The whole incident took about 30 seconds.
By this time the football game was nearly over and, for sure, any resemblance of a pool tournament had long since passed. Stu and I gathered up wives and friends and shooed them, along with Stu Jr. out the door. I hung out long enough to see everyone out while Stu huddled in conversation with the Greek. From what I could see of it, it wasn’t a happy encounter. No indeed.
We all gathered at Stu’s house for food and, of course, a blow by blow re-telling of the Rumble. Stu was loud and profane. “That’s the last time I set foot in that joint. Bastard tried to jump my family! I told that Greek to keep those damned Steelers fans over where they belonged and everybody would get along fine. But nooooo, can’t have that can we?!”
I pulled him aside and asked “Look man, what were you and him talking about there at the end?”

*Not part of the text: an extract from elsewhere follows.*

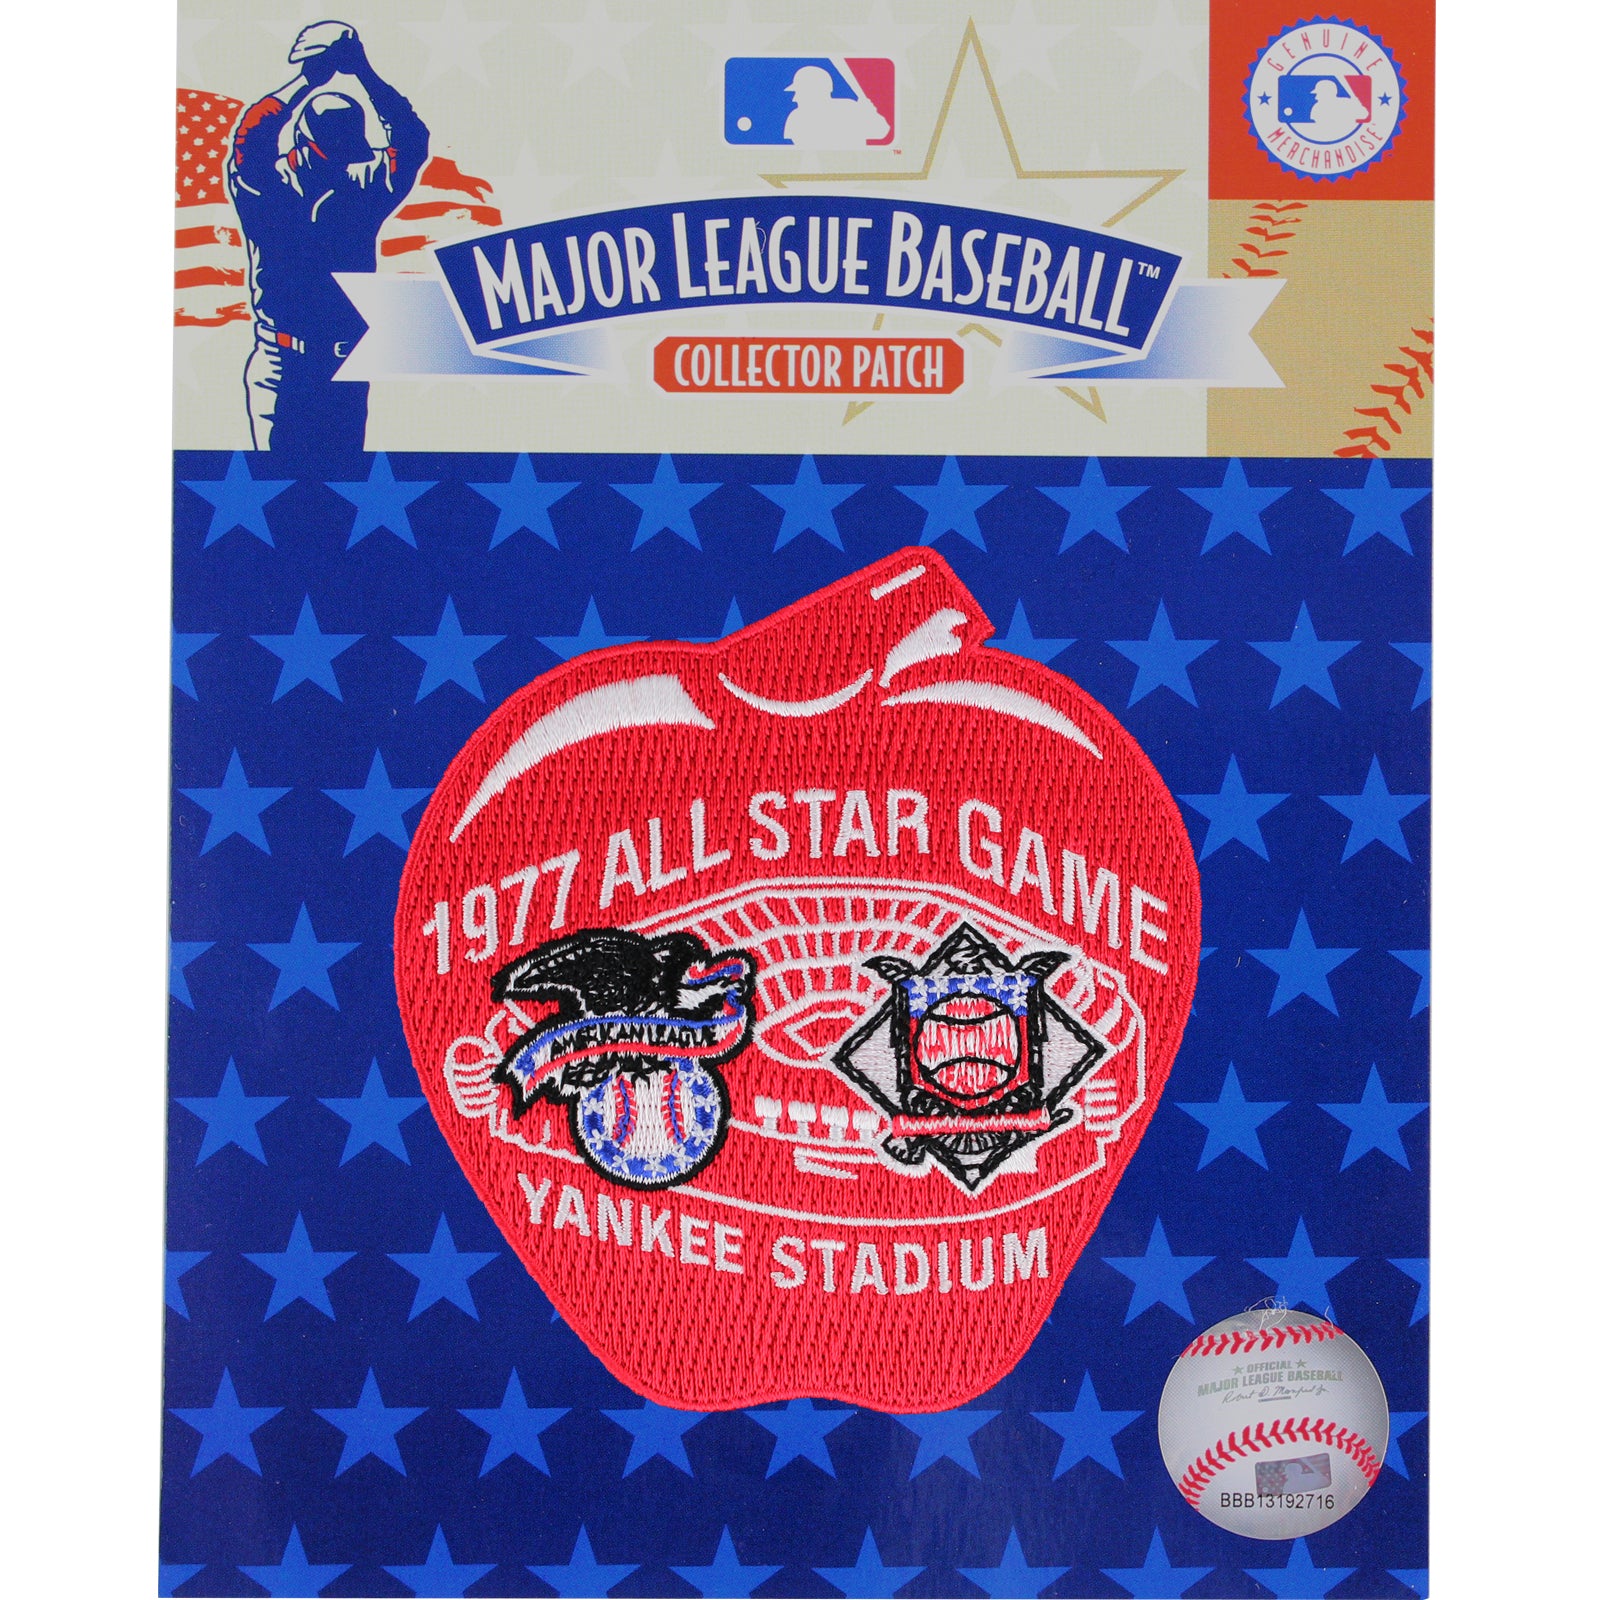 1977 MLB All Star Game New York Yankees Stadium Jersey Patch

“I told that rotten Greek what happened and he was all like, ‘These things happen’ and shit. Where was he before all this was going on?”
I reminded Stu, as gently as possible, that the Greek had his hands full with a barload of customers and wasn’t it just possible that he was in the kitchen at the time?
Stu wasn’t hearing it. “That’s the last time, dammit. As a matter of fact, this is an official boycott! NOBODY goes into that place!”
Now this isn’t the last time that this threat has been made, to boycott the place. The last time it happened it was for much more beneficent reasons, the rate of service by the one and only bimbo bartender.
And there were no demands of solidarity from Stu, or anybody else for that matter. Eventually (I’d say about a week) we returned and all was well in the land.
But for the past week or so Stu has been firm. “I just hope I don’t hear of anybody going to the Watering Hole! Place is no good I tell ye! I’m taking all my business down to the Fat Guy’s Place and we’ll just see how long the Greek lasts!”
Fat Guy’s Place is a dive, but a dive with good intentions. It’s a beer only place, as opposed to the Hole. Since Ally likes an occasional splash of Parrot Bay in her Coke, it’s not the sort of place I’d expect her to want to hang out in, or play pool in. So.
I’ve been breaking the boycott.
As a matter of fact, so has everybody else.
Yeah, we’ve done more than our share of breaking the boycott. But the barkeeps and regulars at the Hole keep asking, “Where’s Stu? What’s the matter with Stu?” With good reason, since Stu and I are probably the best tippers in the joint. And Stu being Stu, he really does make the place fun. His is the sort of personality that draws people into a place just to see what will happen next. So in that respect, I guess he’s somewhat justified in thinking that a boycott will ruin the Greek.
I don’t know. The Greek seems to be doing just fine. And Fat Guy is pleased with the sudden influx of new customers. So maybe everybody is happy.
Me, I just wish for one day I wouldn’t have to hear the story of the Fightin’ Stu’s all over again. And I do miss the pool tournament on Saturdays.
Maybe I should get my own pool table. Put up a bar in my garage.
But you can bet your last dollar it won’t be a Steelers bar.